Lines of Code Are Back (And It's Worse Than Before)
22 points by allanmacgregor
22 points by allanmacgregor
Old and busted: lines of code
New hotness: tokens used
I find the amount of code generated by agents to be a concern of its own. When a human authors a PR/MR with 5000 lines of code, reviewers will ask for shorter code, smaller commits, about the architecture, and really wonder if it has to be that long, ... There will always be a big pushback. It's too much, it can't be reviewed, it's surprising that it's so much code probably, and it will be difficult to maintain it. The last option may even be to ditch the feature responsible for so much code (we'd typically do that at an ealier stage, which is much better obviously).

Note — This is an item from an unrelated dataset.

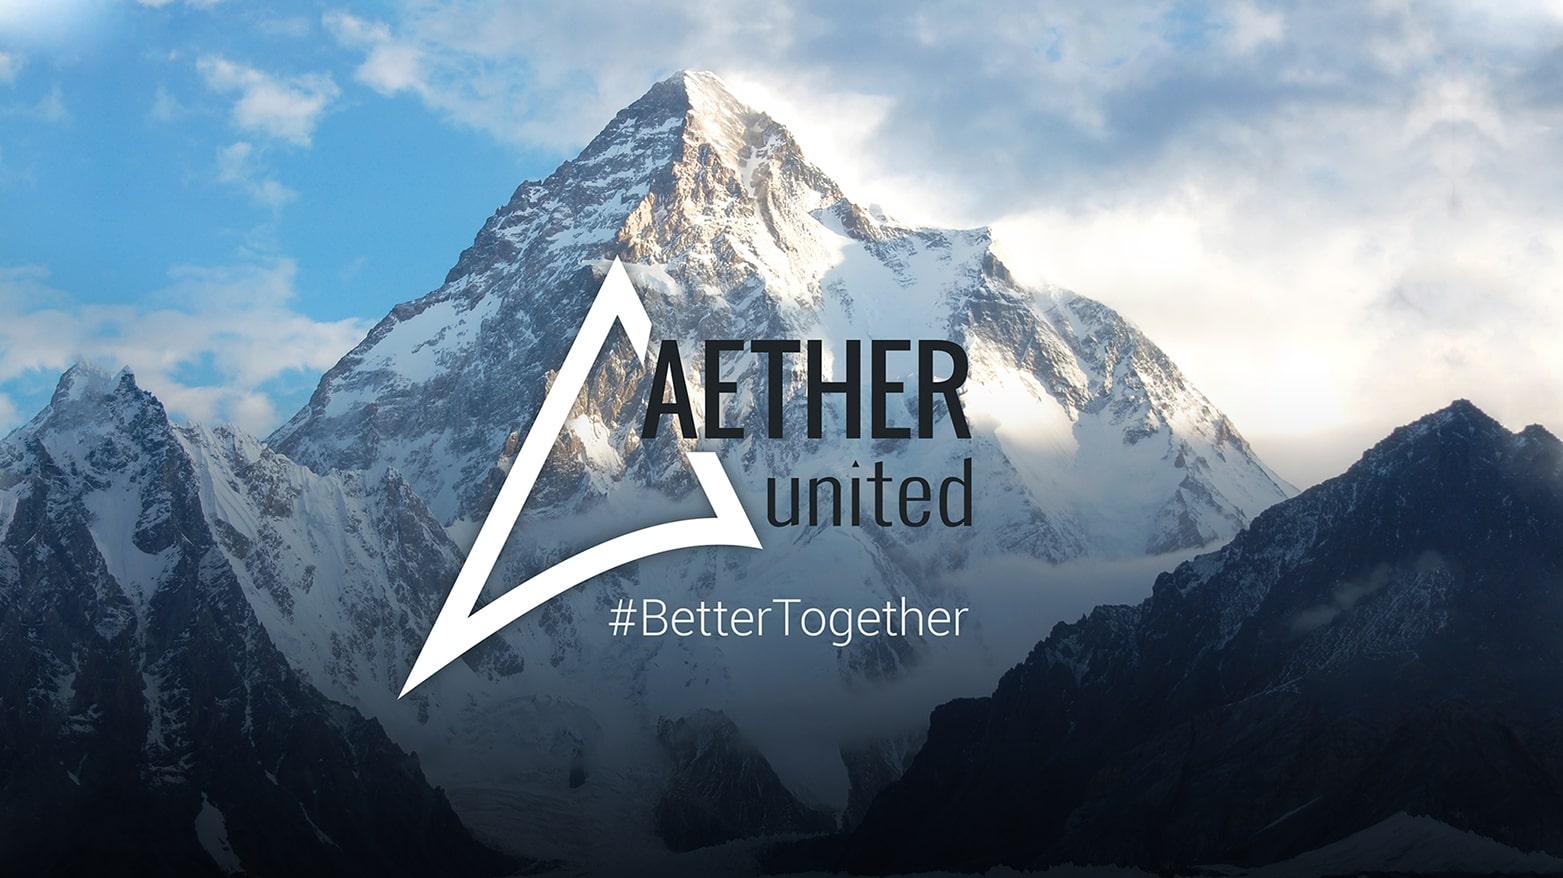 Aether United marketing assets by Alisha Rosen
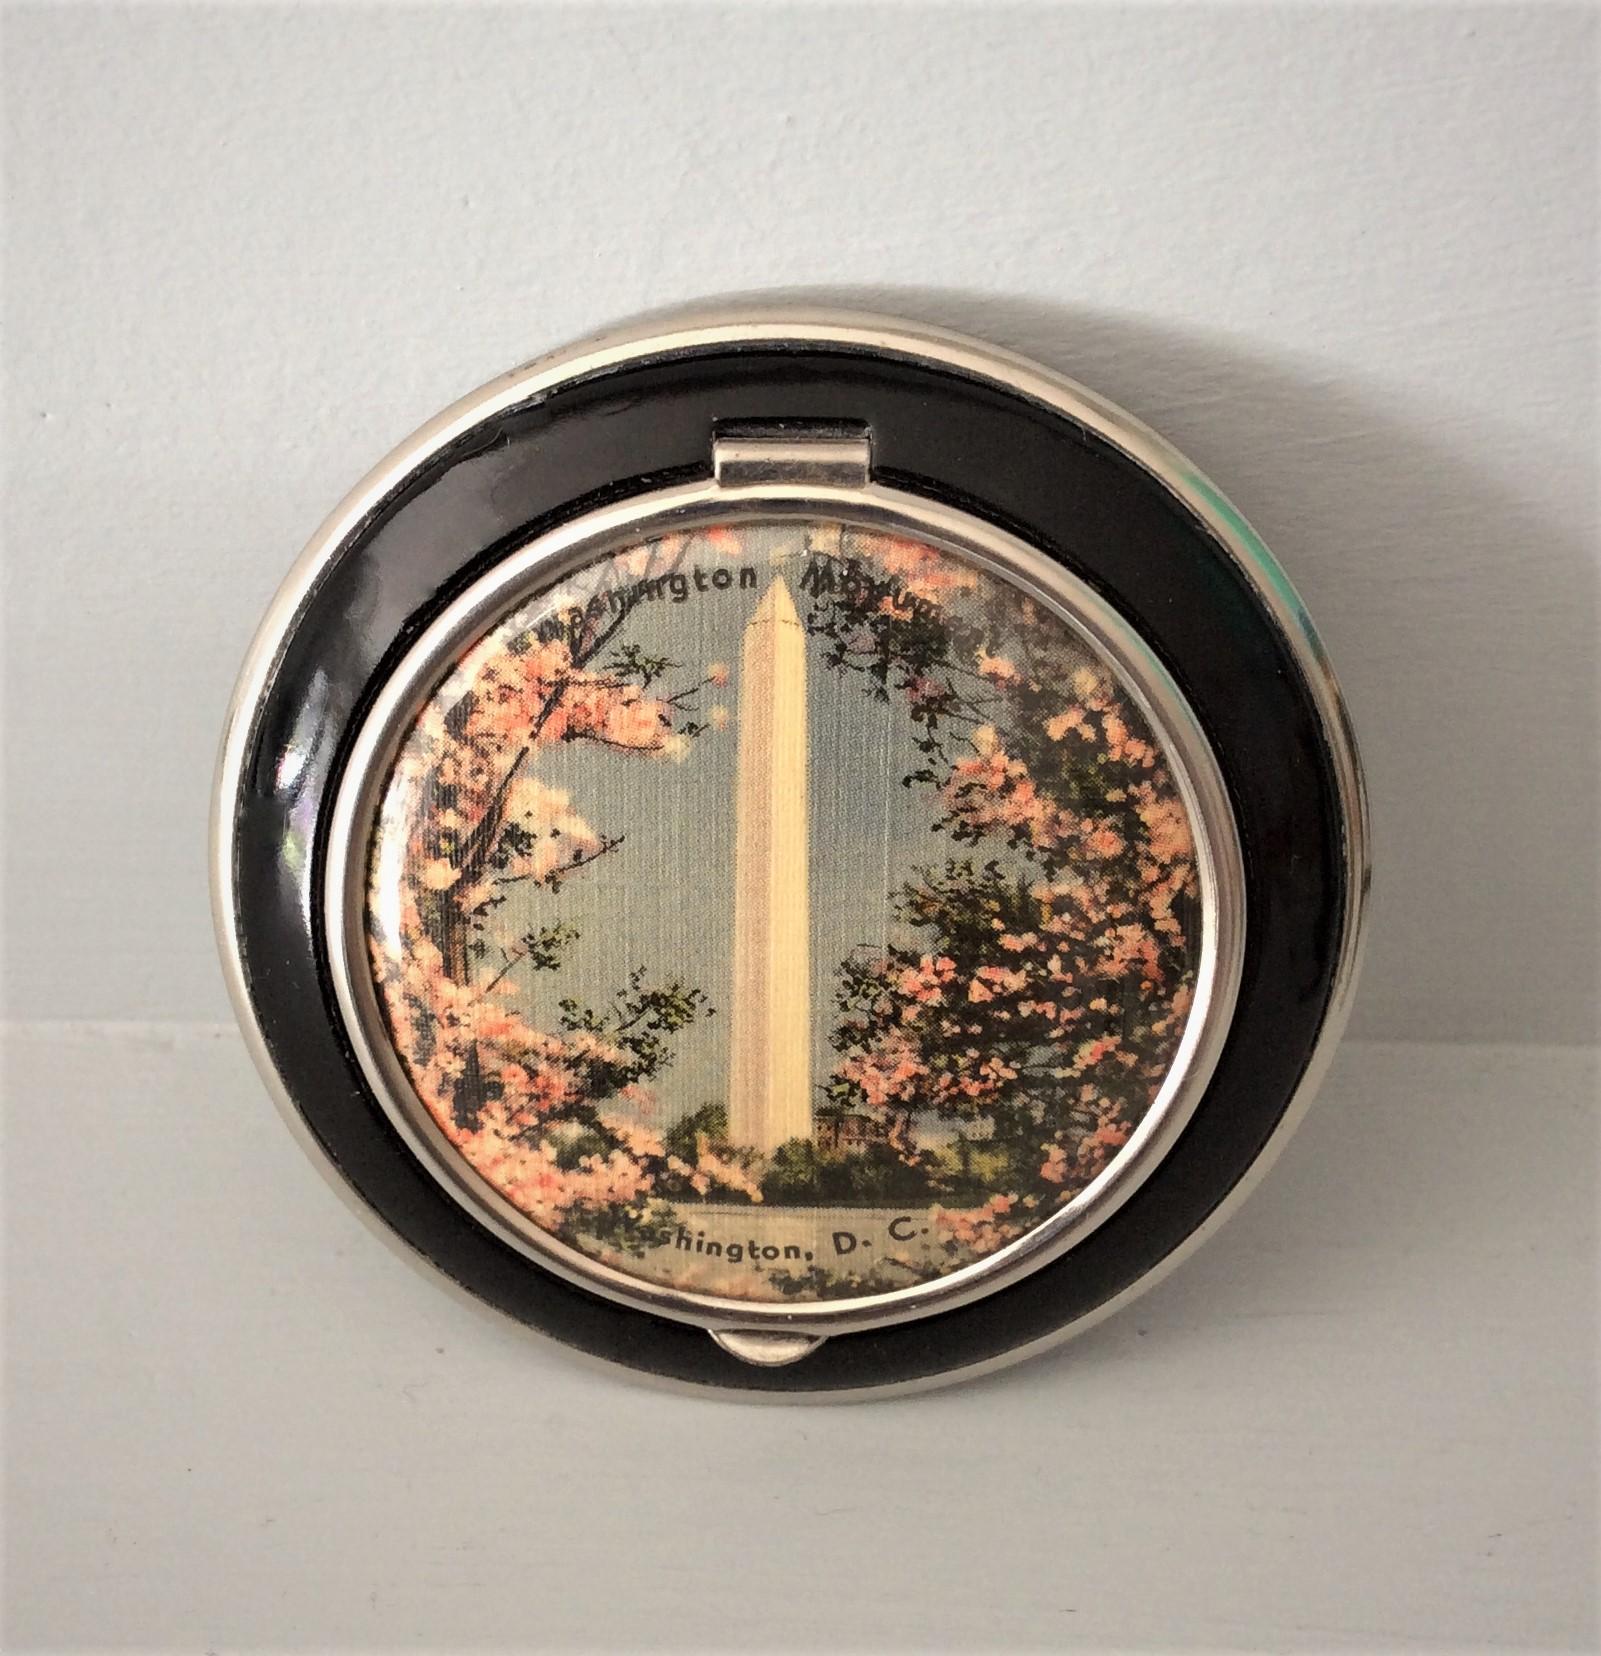 Vintage Collectable 30s Black Enamel Loose Powder Washington DC Monument Powder Compact

When a machine generates that much code to be merged, it somehow seems more acceptable? That doesn't make sense. The only concern that is avoided is the possible pain for the author of so much code; all the concerns should remain!
Some may say that the prompts become the actual source but that would require storing prompts, contexts, full models (that you cannot copy and that get changed very often). Even then, these LLMs are probabilistic so that doesn't work.
And now people accept thousands of lines of code routinely? Even if the code works and isn't ugly, where has the questioning gone? There is no reason to not have the same concerns as if it were human-authored. I've now seen several established projects merge huge PRs that are simply too long to have been not even reviewed but merely "thought" again. I can only fear for the longevity of these projects now. There is no way a human uses critical thinking when faced with >5k lines in a single PR, even at the architectural level.
I'm not a terseness advocate. I've never been a proponent of software that strive for minimality on whatever basis and I believe some things really require a given amount of code. LLMs and agents have broken every ceiling I could have imagined however.
PS: I reckon however that not all project strive for longevity and reliability. There's a clear difference between FOSS and proprietary ones. I don't really think it's interesting in discussing politics of proprietary software development here.
Very good read !
Fresh off the presses of your favorite LLM. It's almost certainly AI-generated.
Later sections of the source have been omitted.